Texas high school football isn't just a sport - it's a cultural institution that shapes young lives, builds communities, and creates opportunities for thousands of student-athletes. It teaches discipline, teamwork, perseverance, and leadership. For many young Texans, it's a pathway to college education and a better future.
When media outlets pile on during someone's worst moment (whether it's a crime, a player who made a mistake, a parent who lost their composure, a coach facing allegations, or an official caught in controversy) they're not just telling a story. They're providing fodder for critics who argue the sport is too violent, too dangerous, too problematic to justify its place in schools.
What's the Benefit?
Lone Star Gridiron asks a simple question: What is the benefit to repeating titillating stories?
For some sites, the answer is obvious - traffic, clicks, advertising revenue. Scandal drives engagement. Controversy gets shares. Outrage keeps readers coming back.
But at what cost?
The player/person at the center of a negative story? They're already facing consequences. Their family already knows. Their school or local authorities are already handling it. Broadcasting their worst moment to the entire state doesn't serve the public interest. It serves the bottom line of websites chasing easy engagement.
A Different Standard
For 21 years and counting, Lone Star Gridiron has operated by a different standard. We've built our reputation not on being first with the latest scandal, but on comprehensive, respectful coverage that celebrates the sport and the young athletes who play it. For that reason, coaches, parents, fans, officials and athletes trust LSG to do what is best for the sport.
This isn't naiveté. It's not turning a blind eye to problems or pretending negative incidents don't happen. It's a conscious editorial decision about what deserves amplification and what doesn't.
When a player makes an incredible play, that deserves coverage. When a team overcomes adversity to win a championship, that's a story. When a coach builds a program that changes lives, that matters. When officials work tirelessly to ensure fair competition, that's worth acknowledging. Those are the stories we need to tell.
Journalism or Exploitation?
There's a critical distinction between journalism and exploitation. Real journalism serves the public interest. It holds powerful institutions accountable. It exposes systemic problems that need addressing. Breathlessly reporting every high school scandal doesn't meet that standard. It's not investigative journalism uncovering corruption. It's not exposing abuses of power. It's simply trading on the misfortune of teenagers, parents, and coaches for website traffic.
Strengthening the Opposition
Perhaps most importantly, Lone Star Gridiron recognizes that every negative story amplified becomes a weapon in the hands of those who oppose football. Whether it's medical professionals worried about concussions, administrators concerned about liability, or reformers pushing to eliminate the sport from schools, they're watching.

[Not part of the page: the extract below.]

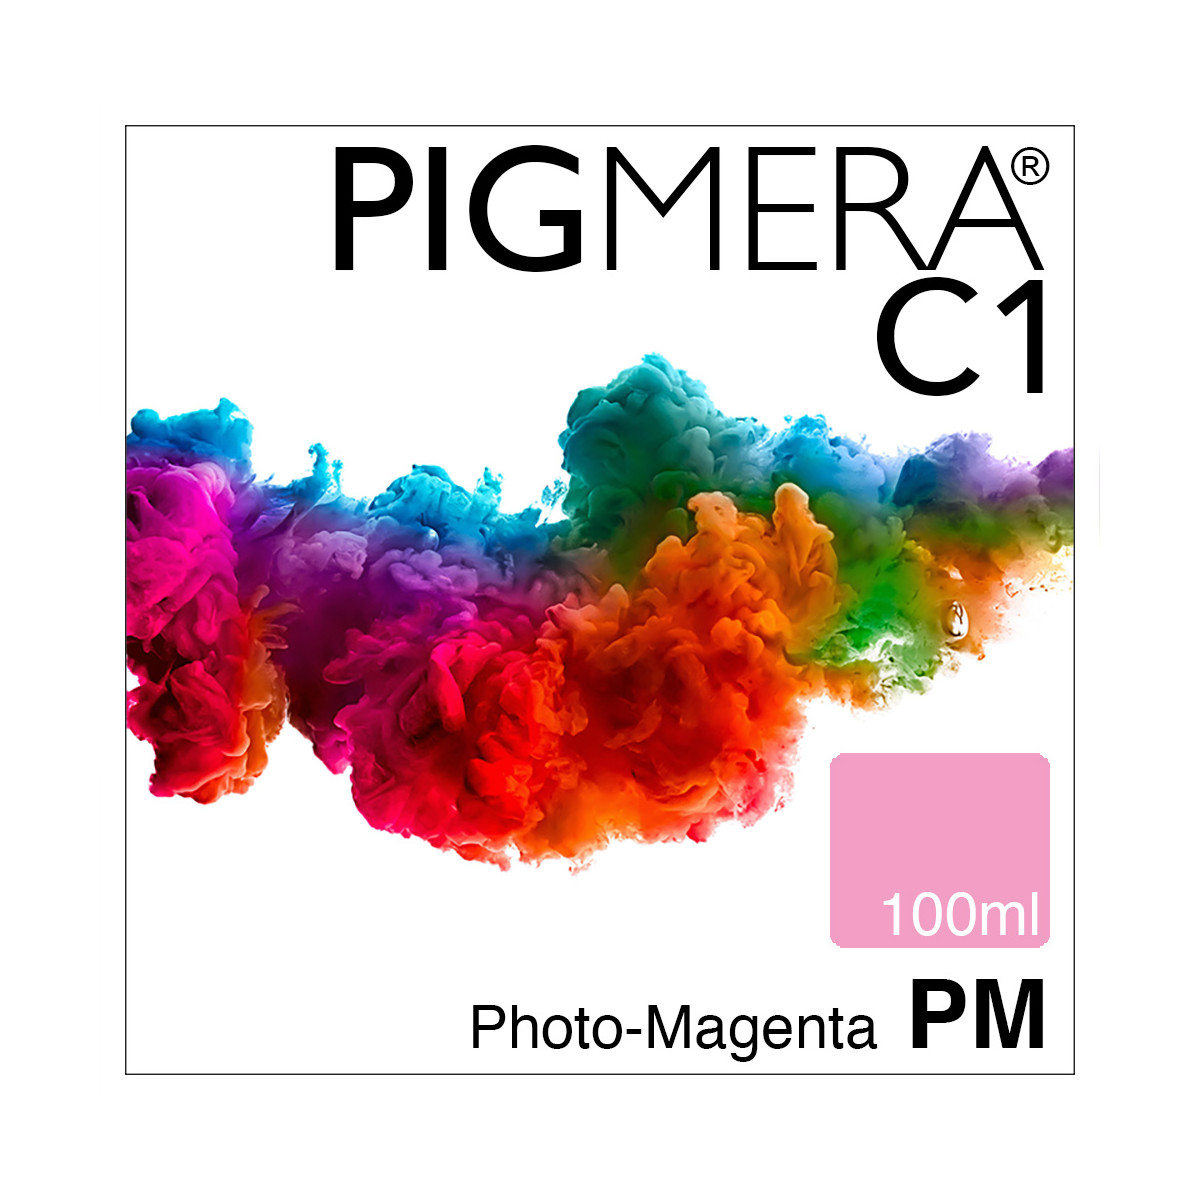 farbenwerk Pigmera C1 Bottle Photo-Magenta 100ml
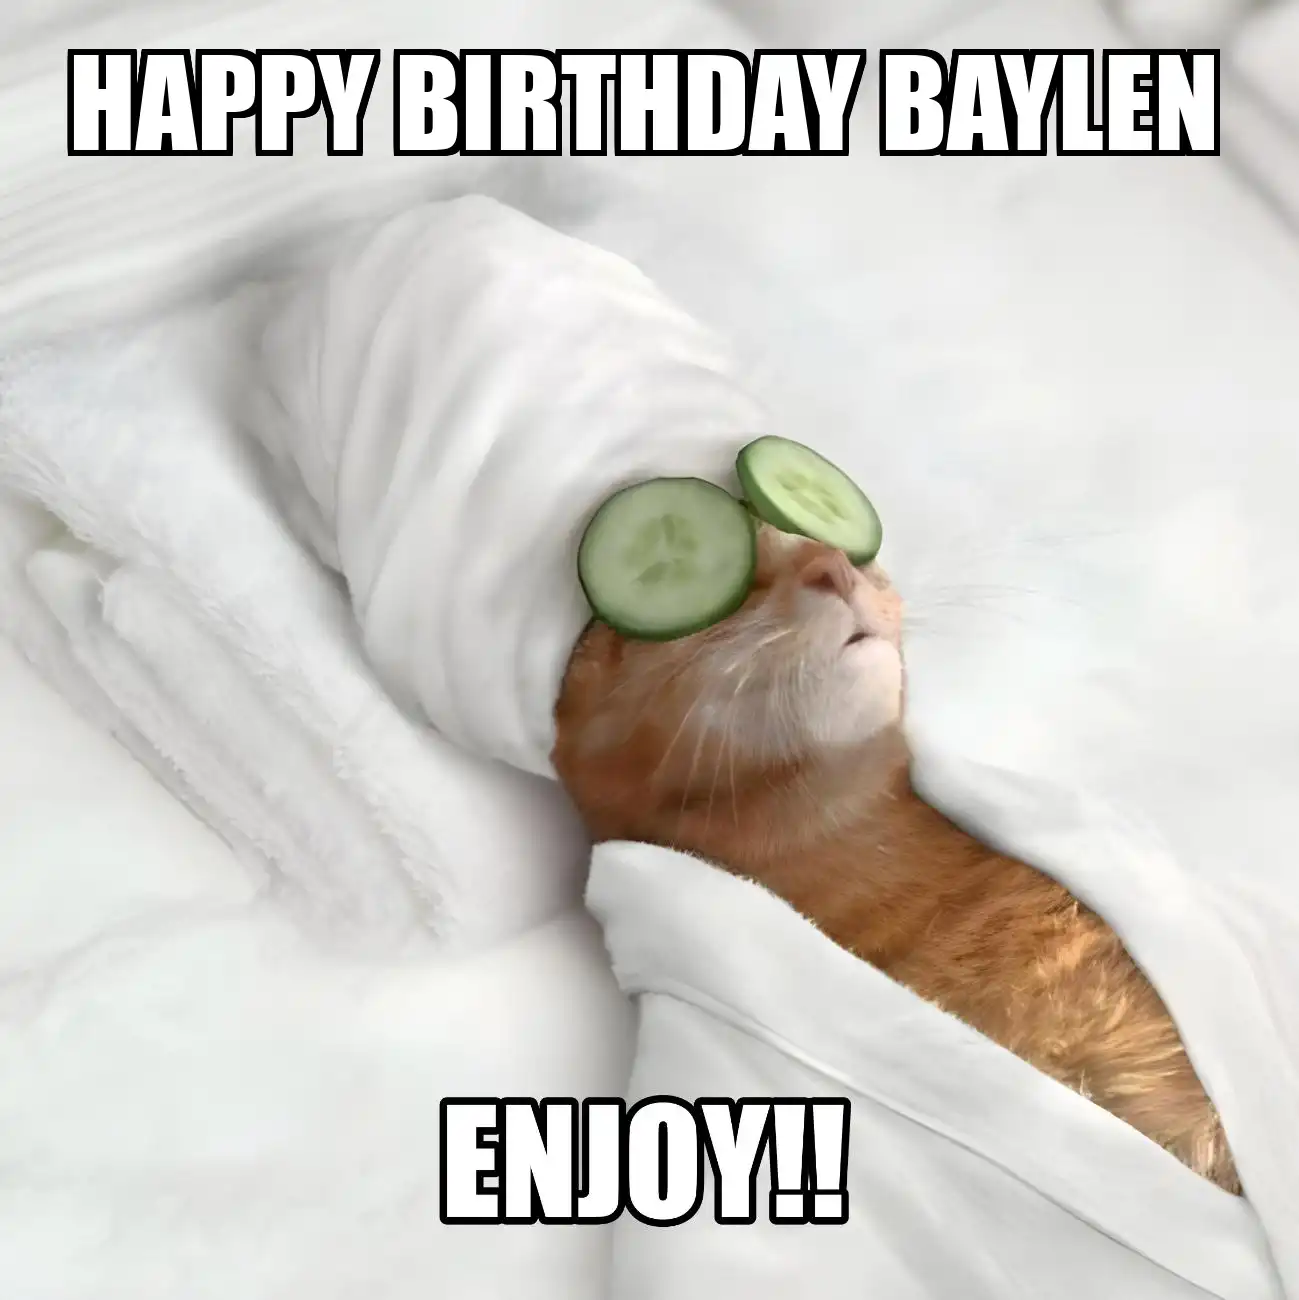 Happy Birthday Baylen Enjoy Cat Meme

And when high school football media provides a steady stream of scandal coverage, it makes their arguments easier. It makes the sport look more dangerous, more problematic, more trouble than it's worth.
Texas high school football has enough real challenges without its own media ecosystem undermining it from within. Shame on you.
The Road Ahead
As Lone Star Gridiron looks ahead, our commitment remains unchanged. We won't be joining the race to the bottom. We won't be chasing clicks through controversy. We won't be piling on when someone in the football community faces their darkest hour.
Instead, we will continue doing what we've done for over 21 years: covering the sport with the respect it deserves, celebrating the athletes who play it, and honoring the communities that rally around it every Friday night.
It's a stand that's increasingly rare in modern sports media. But it's exactly the kind of integrity that Texas high school football needs from those who cover it.
After all, this sport has given so much to so many - including sites like ours. The least we can do is refuse to tear it down for clicks.